Transformation FunctionsThe API provided for developing transformation functions takes away developer's responsibility of dealing with devices. New transformation functions can therefore be developed easily. Using this API, we have implemented five transformation functions.
Reassembly: A packet flowing from a fixed host to a mobile host typically traverses links with different MTUs (Maximum Transfer Unit). To eliminate fragmentation, TCP sometimes uses path-MTU-discovery mechanism and selects the smallest MTU along the path as the TCP segment size. (In practice, many TCP implementations select a pessimistic segment size of 536 bytes to avoid the overheads of path-MTU discovery.) Some wireless devices, such as WaveLAN, have a large MTU (1500 bytes). A narrow link along the path means that packets much smaller than the link MTU will be sent over the wireless link. The reassembly transformation function combines such packets to improve the link utilization and reduces cost if the users are charged on a per-packet basis (as in CDPD networks) for their network usage. The combined packet requires just one link-layer header, thereby offsetting the extra bits sent as metadata. Moreover, reducing the number of packets results in lowered contention over broadcast links. The reassembly function uses a mechanism similar to TCP delayed ACKs. Every small packet is delayed by a small amount of time. If another small packet arrives in this interval, both the packets are combined. Otherwise, the packet is sent as is. This reassembly mechanism is different from IP reassembly (performed after IP fragmentation). A reassembly function combines small packets, along with their IP headers, to get a larger packet. The mobile host regenerates all the original packets when it receives such a reassembled packet. Thus, this mechanism can be used even for protocols that honor message boundaries (for example, UDP). We use the reassembly algorithm shown in Figure 3. A reassembly tunnel maintains a single packet buffer for every mobile host that requests this adaptation. The maximum time for which packets are delayed is a parameter specified by the mobile host. The mobile host has to decide the maximum delay it can tolerate. A larger delay value increases the probability of two small packets being combined to create a larger packet. It is possible to extend the strategy to combine more than two packets if more delay is tolerable. To simplify the implementation we combine at most two packets.
Energy savings: Wireless devices usually have power-saving features that are built in the hardware. Software strategies to take advantage of these features are gaining importance [24]. We demonstrate a simple energy-saving strategy by using the transformer tunnels.

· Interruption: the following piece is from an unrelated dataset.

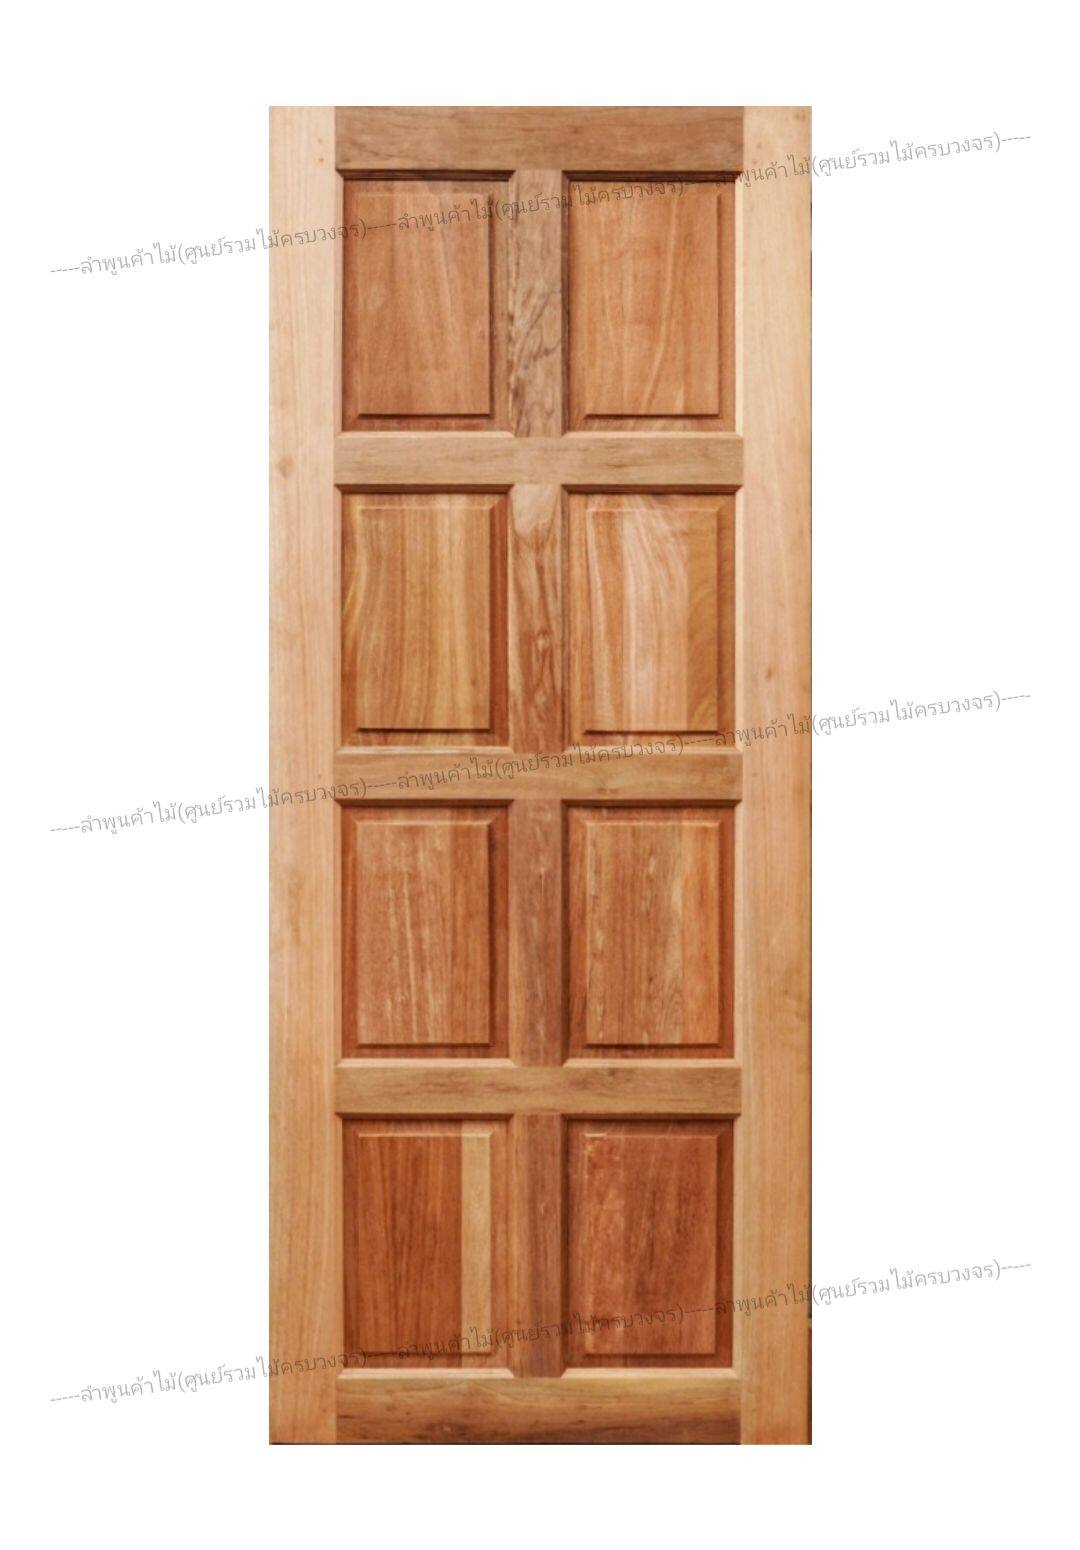 ลำพูนค้าไม้ (ศูนย์รวมไม้ครบวงจร) ประตูไม้ สยาแดง 8 ฟัก 80x200 ซม. ประตู ประตูไม้ วงกบ วงกบไม้ ประตูห้องนอน ประตูห้องน้ำ ประตูหน้าบ้าน ประตู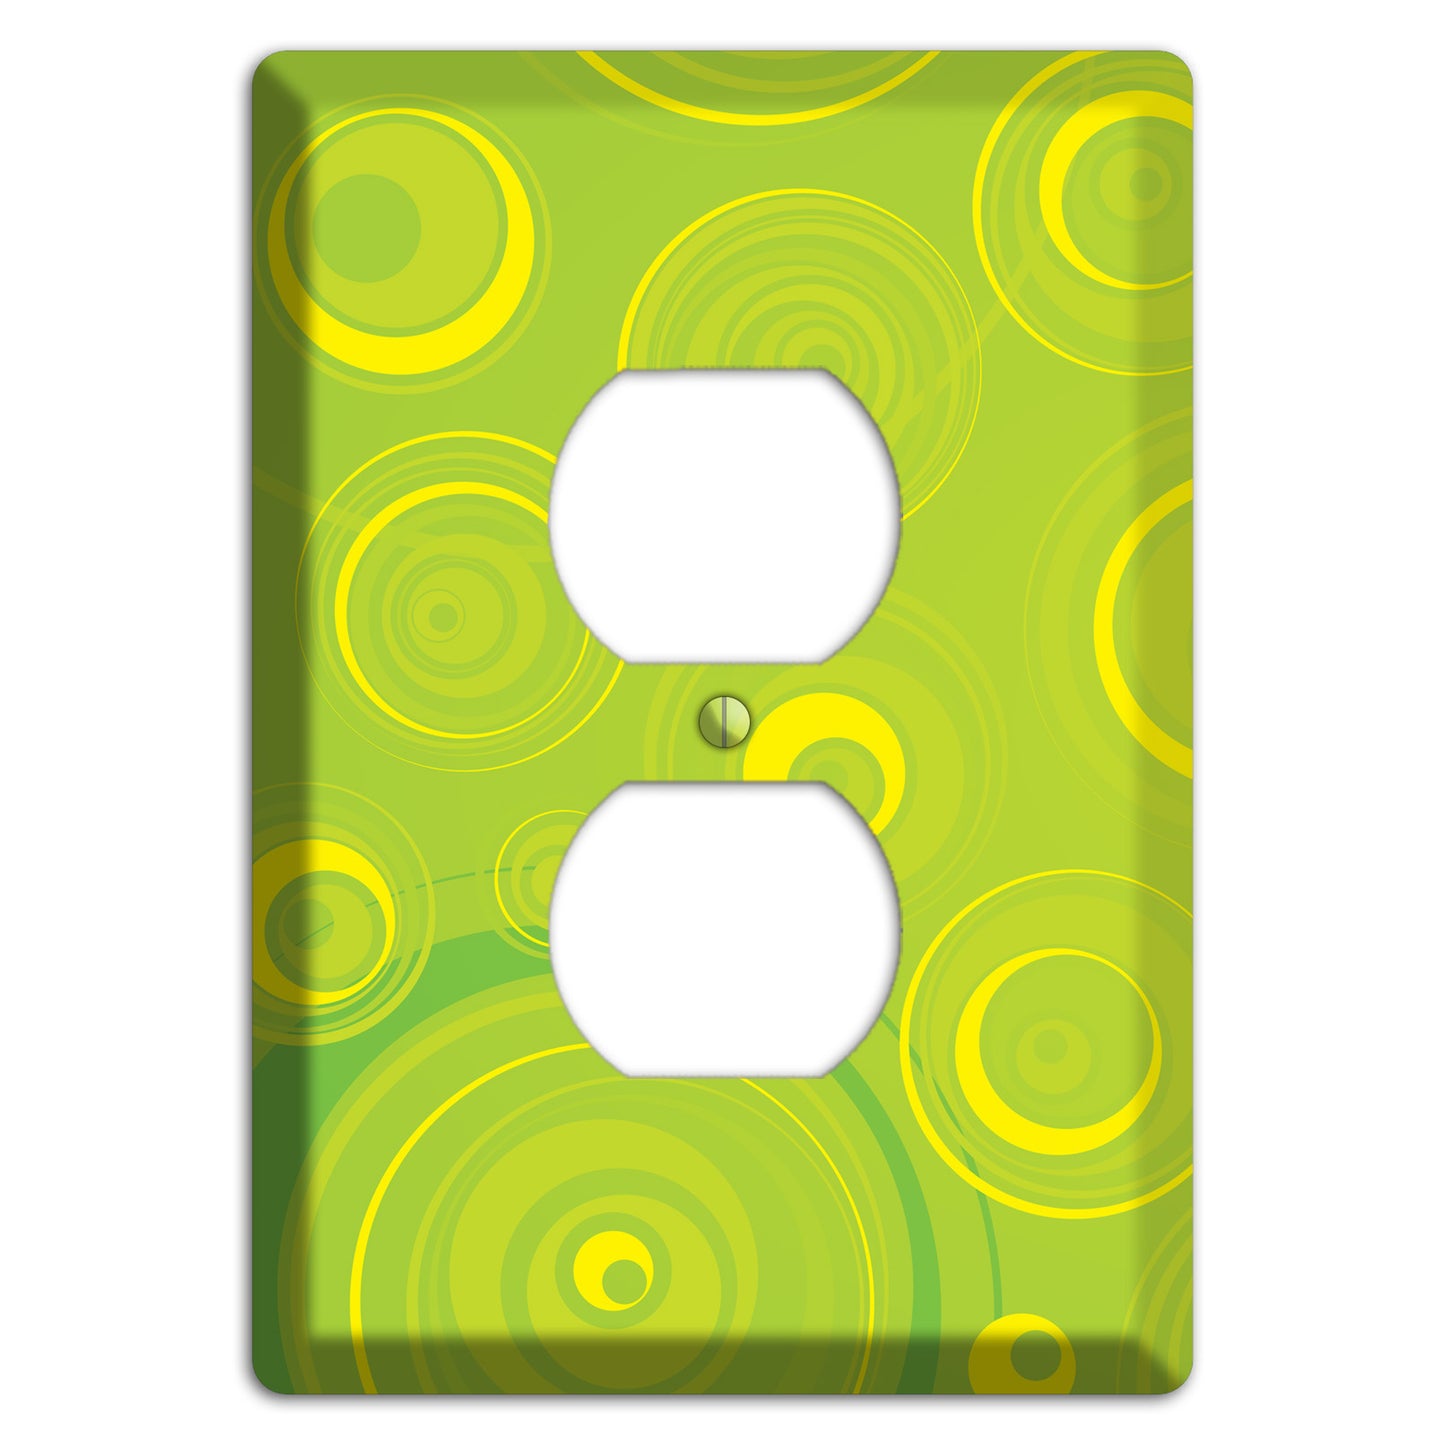 Green-yellow Circles Duplex Outlet Wallplate

For devices like WaveLAN, energy consumed while waiting for a packet is about seven to eight times higher than the energy consumed when the card is in sleep mode. Thus the amount of time the card can be put in sleep mode determines how much energy can be saved [31]. The mobile host may put its WaveLAN card in sleep mode only if it knows when not to expect packets. This knowledge can be provided by making the traffic over the wireless link bursty and by informing the mobile host about the time slots when the bursts are sent. In our implementation, the base station buffers all packets for the mobile host whenever the energy-savings adaptation is requested. The base station also sends out periodic beacons that contain a list of mobile hosts who have a packet pending. The mobile host periodically wakes up to listen to these beacons. If it has a pending packet, it requests that the packet be sent (``card spin-up''). In response, the base station sends all the buffered packets for this host and removes the energy-savings transformation function from the tunnel. The mobile host then stays awake. Based on some inactivity threshold, it decides to enter the energy-savings mode again (``card spin-down''). This ``spin-up-spin-down'' mechanism has already been used for CDPD links [23]. The energy-savings transformation function allows any other device to use the same mechanism without modifying the corresponding device driver, but is useful only when energy required to power up and power down the device is low (for example, WaveLAN [31].) The mobile host can sleep for as long as it wants if the base station can buffer any number of packets. However, the buffer space at the base station is limited. Therefore, the mobile host has to wake up periodically. (Mobile-IP implementation [11] requires that the mobile hosts renew their registration every 5 seconds. So in our implementation, a mobile host cannot sleep for more than 5 seconds.) Moreover, the beaconing interval at the base station should be small enough to avoid buffer overflow during the interval.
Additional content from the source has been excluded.